President Barack Obama will nominate Federal Reserve vice chair Janet Yellen to succeed Ben Bernanke as chairman of the U.S. central bank, the White House said Tuesday. Yellen would be the first woman to head the powerful Fed, taking over at a pivotal time for the economy and the banking industry.
Both Yellen and Bernanke are scheduled to appear with Obama at the White House on Wednesday for a formal announcement.
Bernanke's term ends in January, completing a remarkable eight-year tenure in which he helped pull the U.S. economy out of the worst financial crisis and recession since the 1930s.
Under Bernanke's leadership, the Fed created extraordinary programs after the financial crisis erupted in 2008. It lent money to banks after credit markets froze, cut its key short-term interest rate to near zero and bought trillions in bonds to lower long-term borrowing rates.
Those programs are credited with helping save the U.S. banking system.
Yellen emerged as the leading candidate after Lawrence Summers, a former Treasury secretary whom Obama was thought to favour, withdrew from consideration last month in the face of rising opposition.
Yellen, 67, would likely continue steering Fed policy in the same direction as Bernanke.
As vice chair since 2010, Yellen has helped manage both the Fed's traditional tool of short-term rates and the unconventional programs it launched to help sustain the economy after the financial crisis erupted in 2008. These include the Fed's monthly bond purchases and its guidance to investors about the likely direction of rates.
A close ally of Bernanke, Yellen has been a key architect of the Fed's efforts to keep interest rates near record lows to support the economy.
Her comments in the Fed minutes show her support for continuing stimulus, until the U.S. economy shows clear signs of recovery.
Her appointment comes amid a federal shutdown as Obama and the Republican-controlled Congress battle over the U.S. budget.
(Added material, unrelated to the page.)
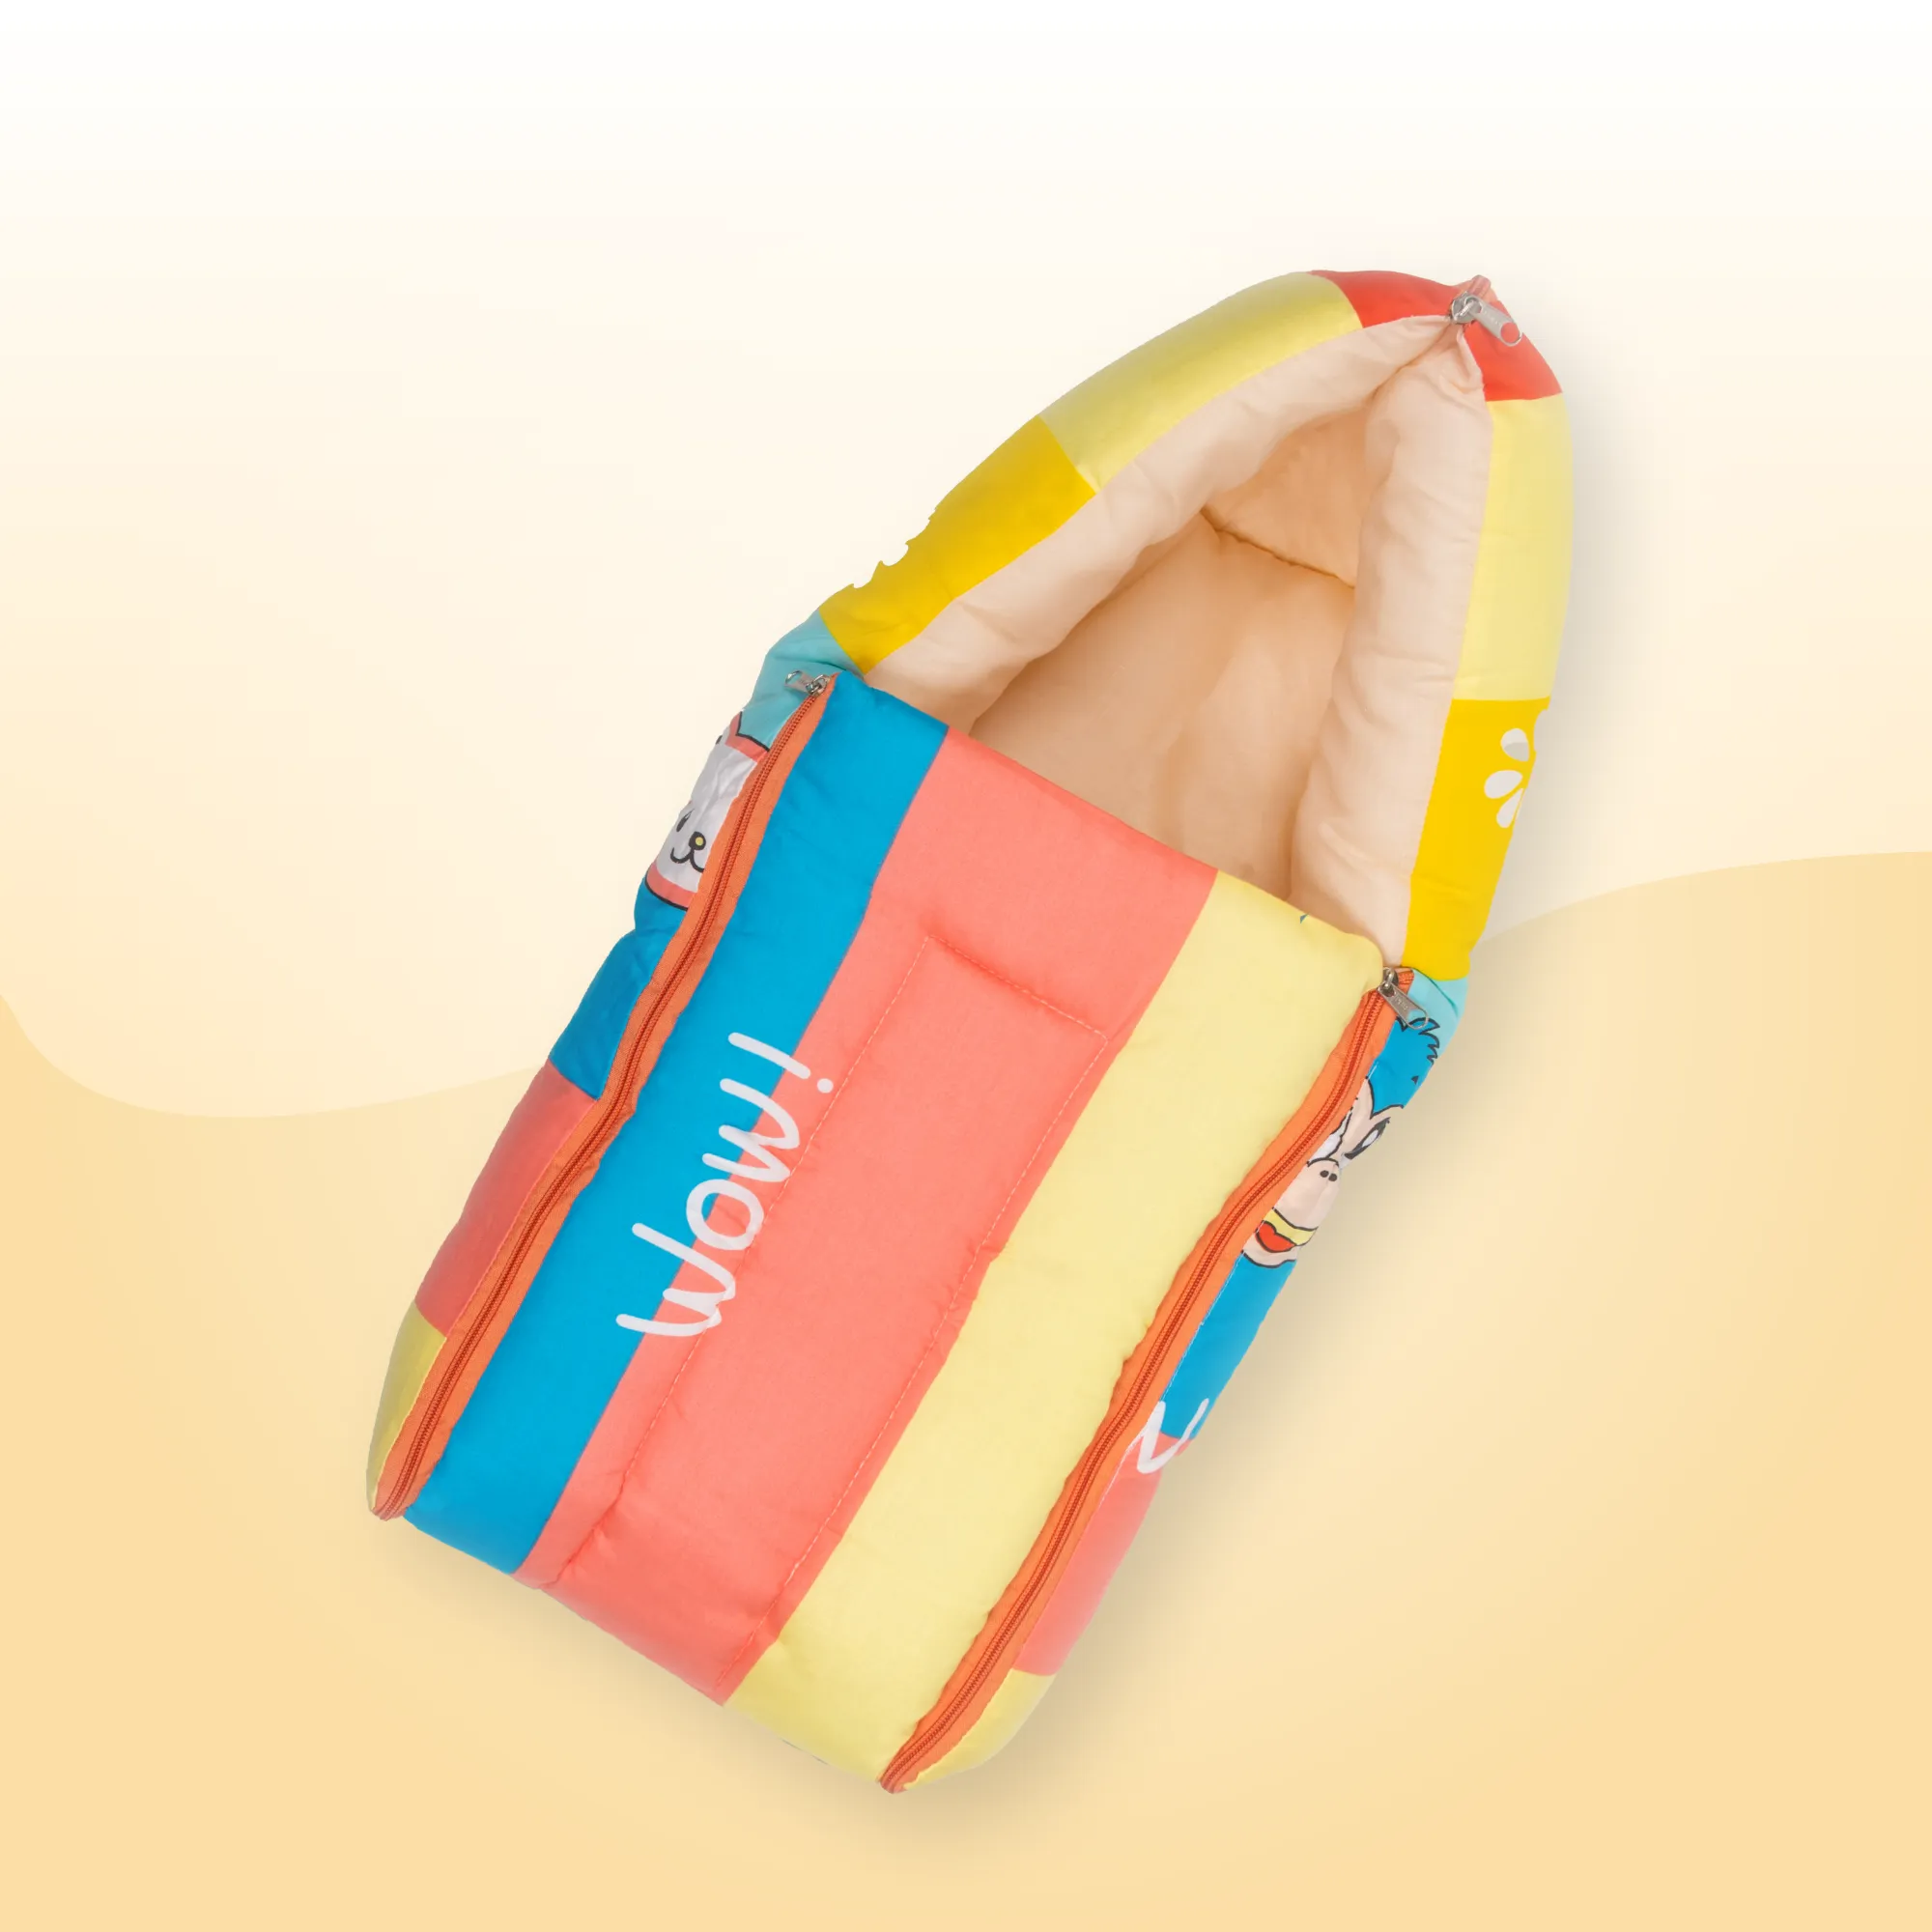 Baby 4–in-1 Soft & Snuggly Baby Sleeping Bag/Baby Carry Nest with 3-way Zip Opening | Soft & Breathable | Head-to-toe comfort - Magical Rainbow

The Republicans are demanding changes in health care before they will approved the funding to pay for government operations and raise the debt ceiling.
Oct. 17 looms as a deadline for an end to the impasse, as that is the date when the U.S. government runs out of money, having reached its $16.7 trillion borrowing limit.
In the meantime, federal departments that would provide economic data, including numbers about jobs, economic growth, exports and business expectations are not operating.
In the absence of this data, the Fed is unlikely to change course and many are now predicting the $85-billion US a month bond-buying program that keeps interest rates low will continue throughout the fall.